Marcus Pöckelmann, Mahmoud Kozae
The production of the digital synopsis of a chapter starts with transcribing instances of it from multiple manuscripts. In the transcription process, the text of each manuscript is transformed into a normalized orthography to ensure that the digital corpus follows a uniform writing standard. Phonetic deviations are adjusted as well in accordance with Classical Arabic, except for such features of Middle Arabic, that are significant for diagnosing manuscripts.

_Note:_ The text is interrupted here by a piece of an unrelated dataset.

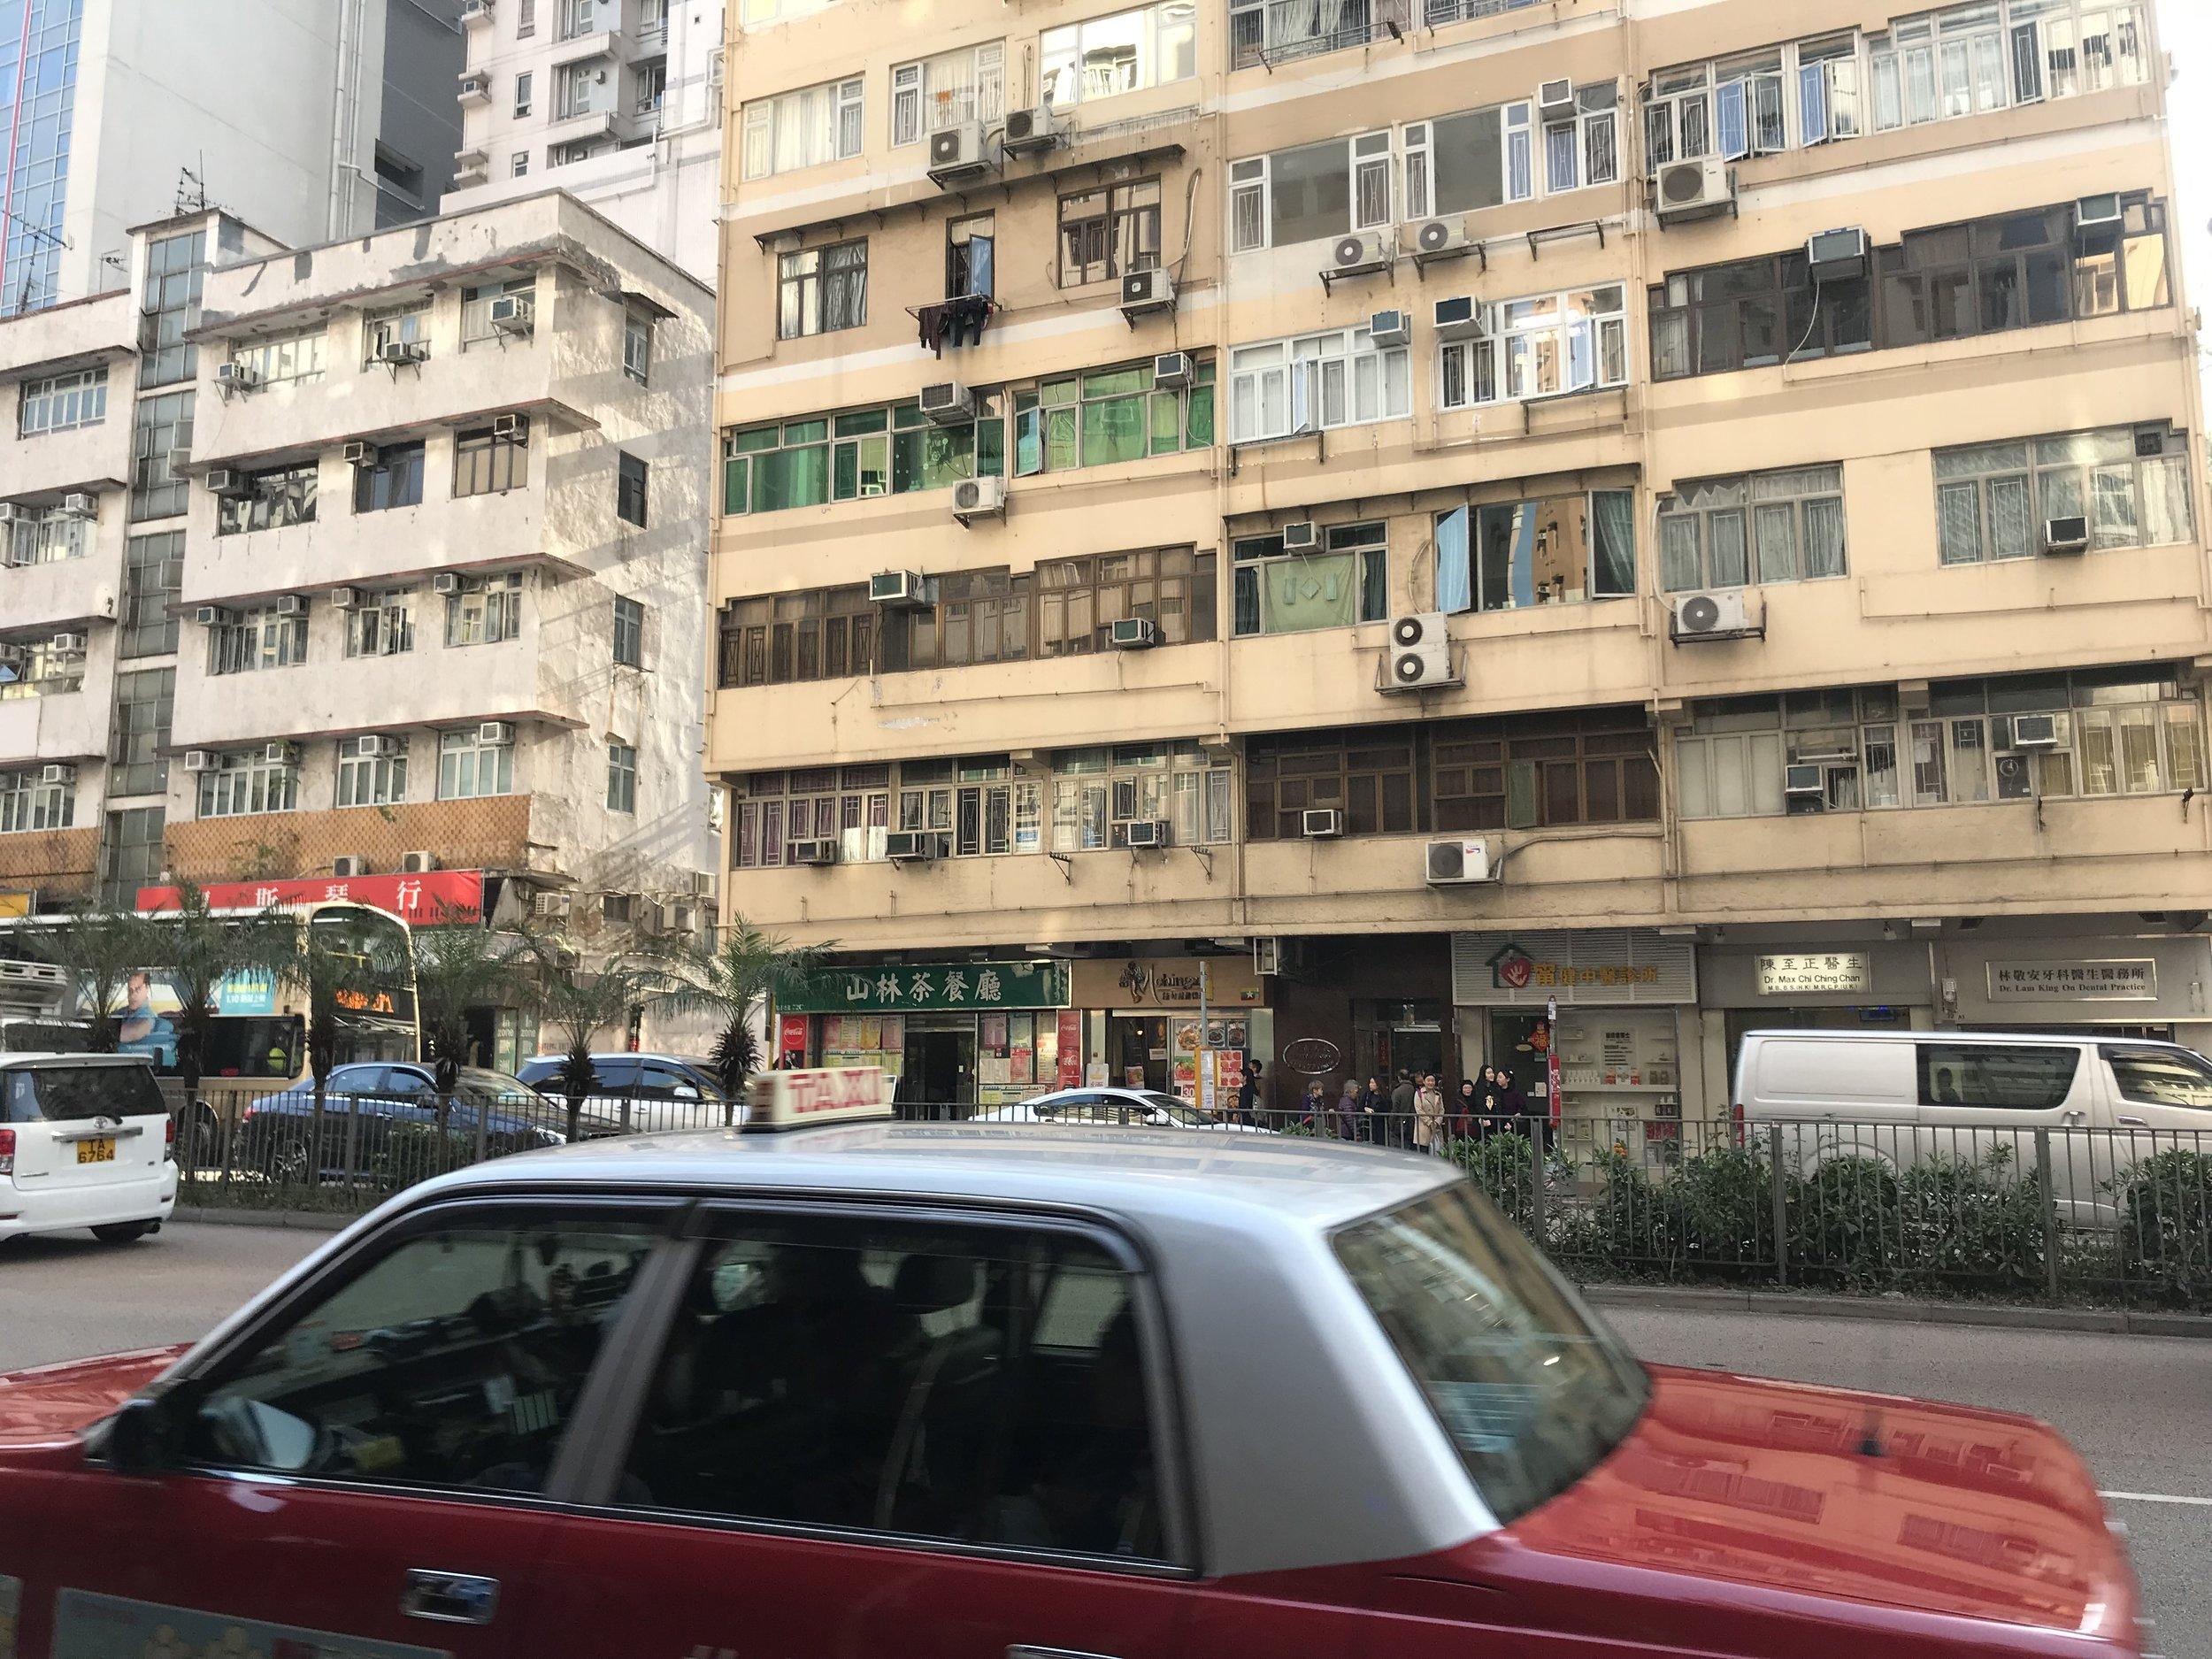 Tại Kowloon các kiến trúc mới cũ pha lẫn. Nhưng đa số các cao ốc đều cũ kỹ.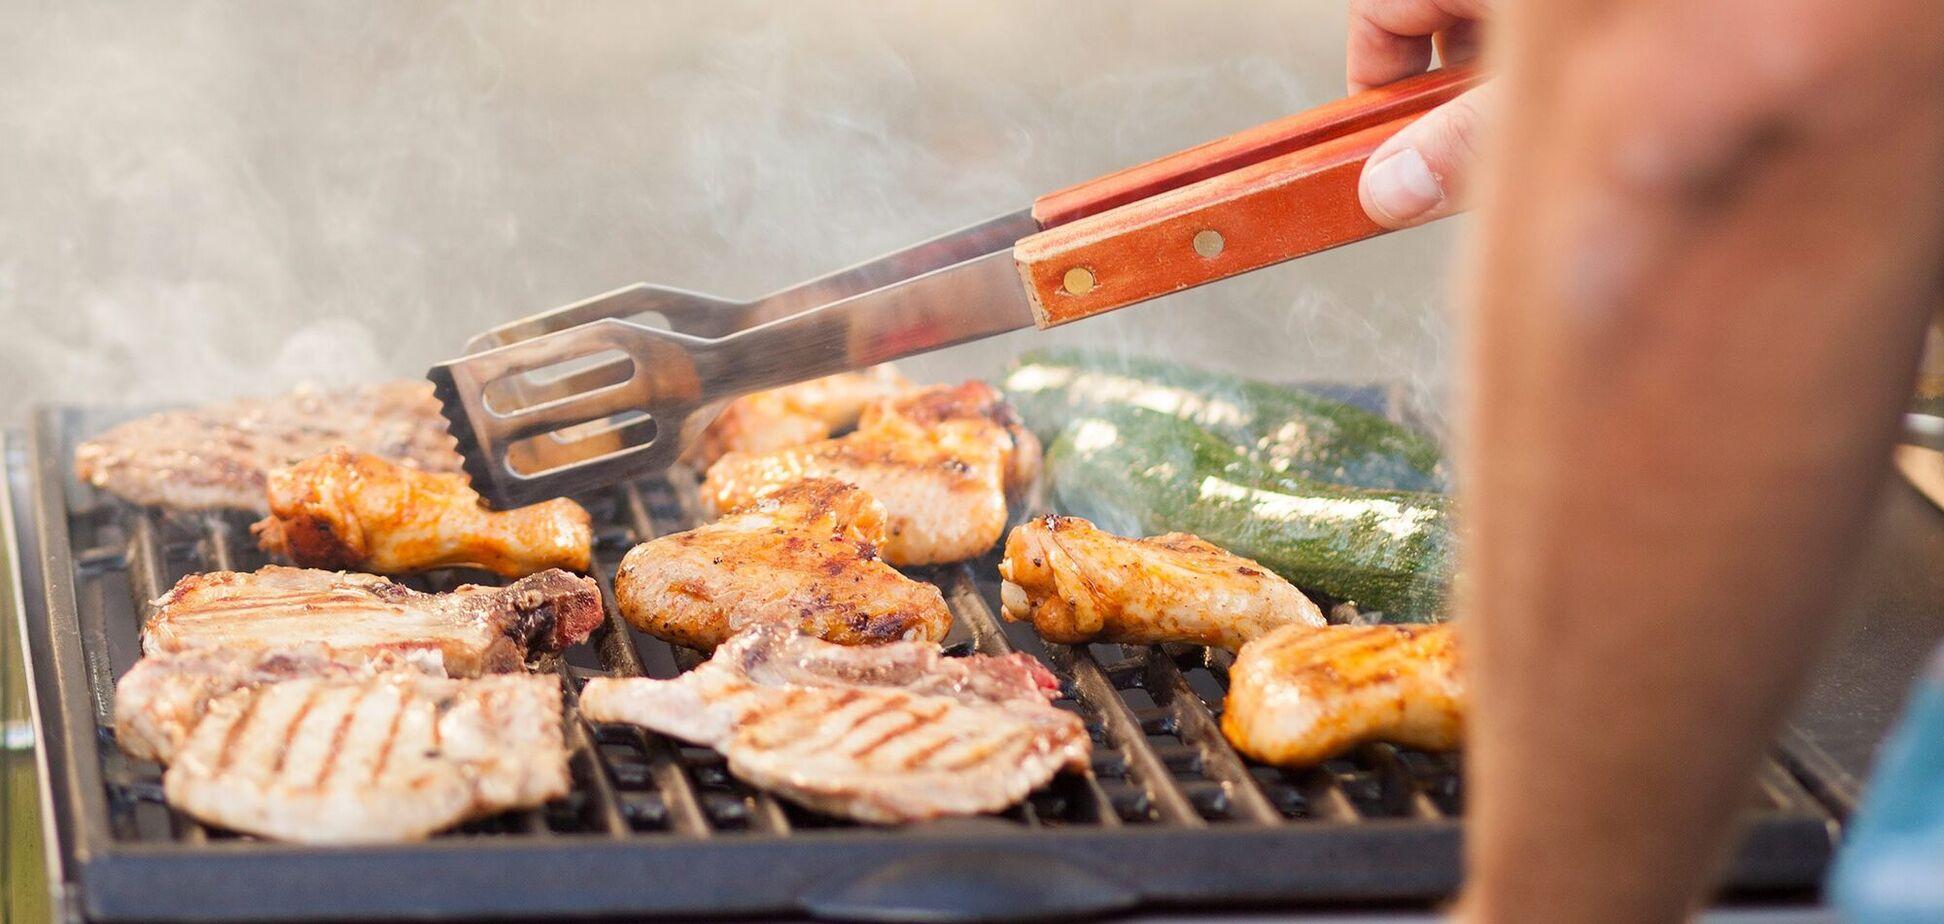 Как правильно готовить овощи и мясо на гриле

Each transcribed chapter then undergoes a literary analysis, whose end result is an edition, which is segmented into “literary units” with each unit marked by a unique title. This segmentation is a way to identify and describe the structure of a chapter as the content unfolds as elements of wisdom sayings, dialogue, and narration among other types. An identical procedure is followed with any further manuscript containing the same chapter. The unique titles are then used by LERA to detect and align similar passages next to each other. Moreover, LERA provides further assistance for the analysis of the variants, e.g. CATview, a condensed visualization of the alignment that facilitates overview and navigating within the synoptic edition.
LERA offers further features for automatic detection of text variations, for example, passages unique to a single manuscript or passages that are exclusively shared between two manuscripts. Currently, language specific information is being updated to optimize LERA’s filters to function better with Arabic texts.